Document Type

Article

Publication Date

2001

Abstract

This Paper analyses how the network of enforcers envisaged in the Proposal for a Council Regulation on the implementation of the rules on competition laid down in Articles 81 and 82 of the EC Treaty (September 2000) would operate. We identify four issues. First, we observe that the Proposal (unlike the White Paper) includes safeguards to avoid a shift of competence in favour of national competition laws, which may be questionable in terms of subsidiarity. Second, we recognise that the accountability of antitrust authorities might vary across the members of the network, so that, for instance, some authorities may be more prone than others to accept industrial policy considerations.
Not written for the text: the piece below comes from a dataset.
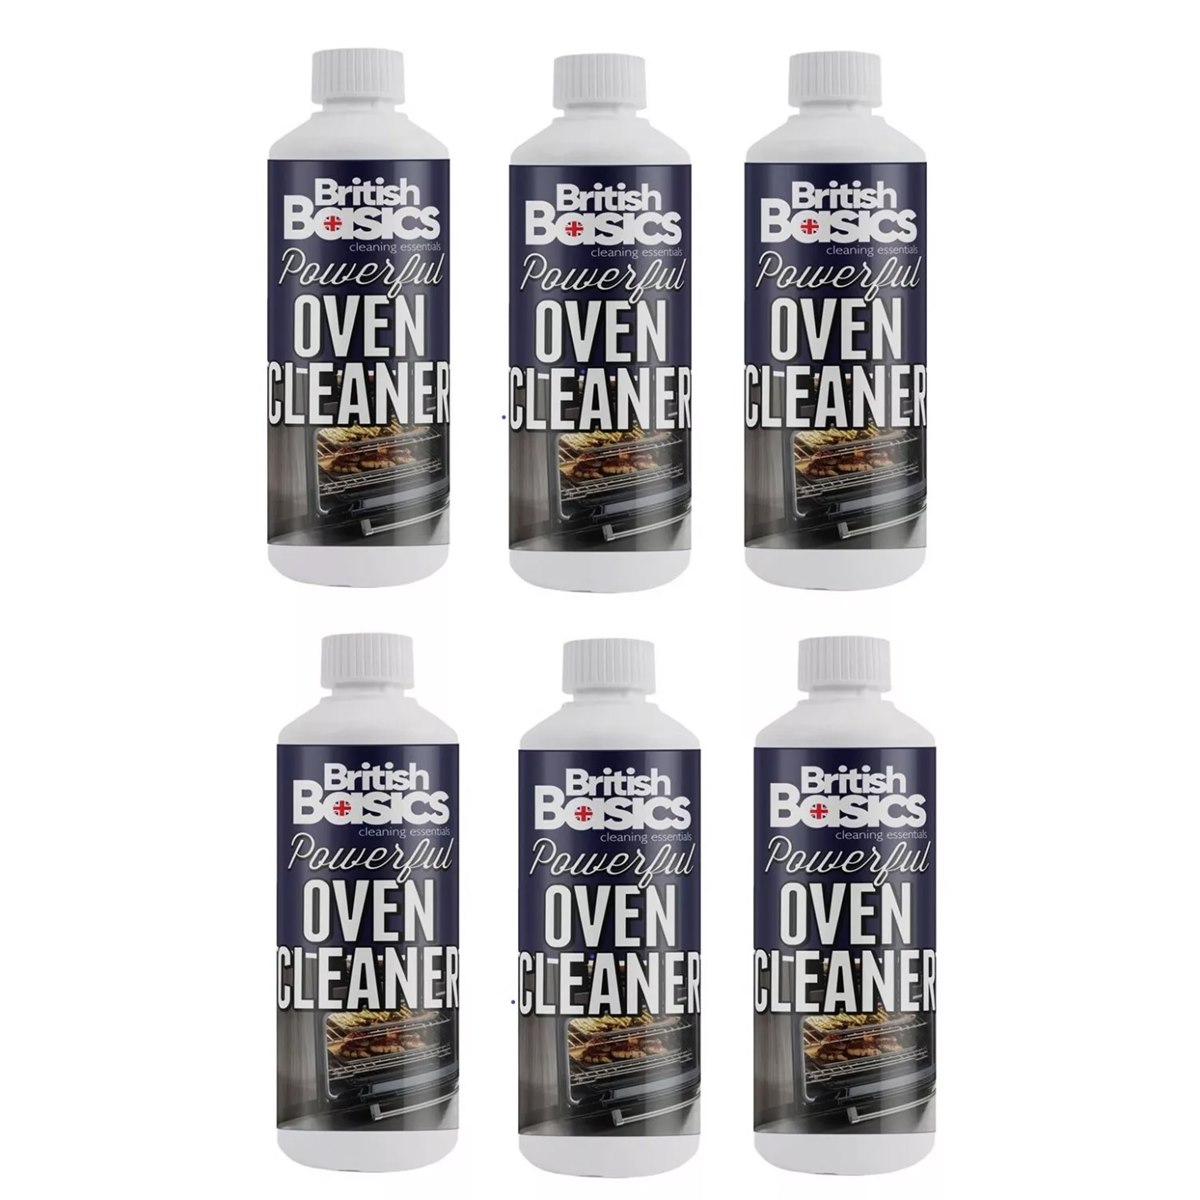 Case of 6 x British Basics Powerful Oven Cleaner 500ml

The preservation of the Commission’s monopoly (among administrative units) with respect to decisions granting a positive application of Article 81(3) (a matter which was not fully clear in the White Paper) can be seen in this light. We suggest that the imposition of institutional constraints on Member States like accountability and independence standards could have been a more effective way of addressing the issue. Third, we observe that in the proposed framework, sequential enforcement by several authorities is likely to occur and that each Member States will have little incentive to take into account in its decision the interests of other Member States. We show that such a system of enforcement can have a ‘disintegrating effect ’, to the extent that it does not allow for a balance between positive and negative net benefits across Member States. The Proposal contains a number of measures which may reduce the scope of multiple enforcement, without however addressing the underlying incentive issue. We suggest that additional co-ordination between the members of the network may prove necessary. In particular, we advocate the re-emergence in the intra-EC context of a ‘positive comity’ obligation and we suggest that a formal procedure for co-ordination between different institutions might turn out to be necessary. Finally, we observe that if the Proposal formalises the (vertical) relationship between the Commission and the national competition authorities (beyond what was considered in the White Paper), it fails to bind the Commission discretion. We argue, in light of the US experience with multiple enforcement that such commitment would be useful.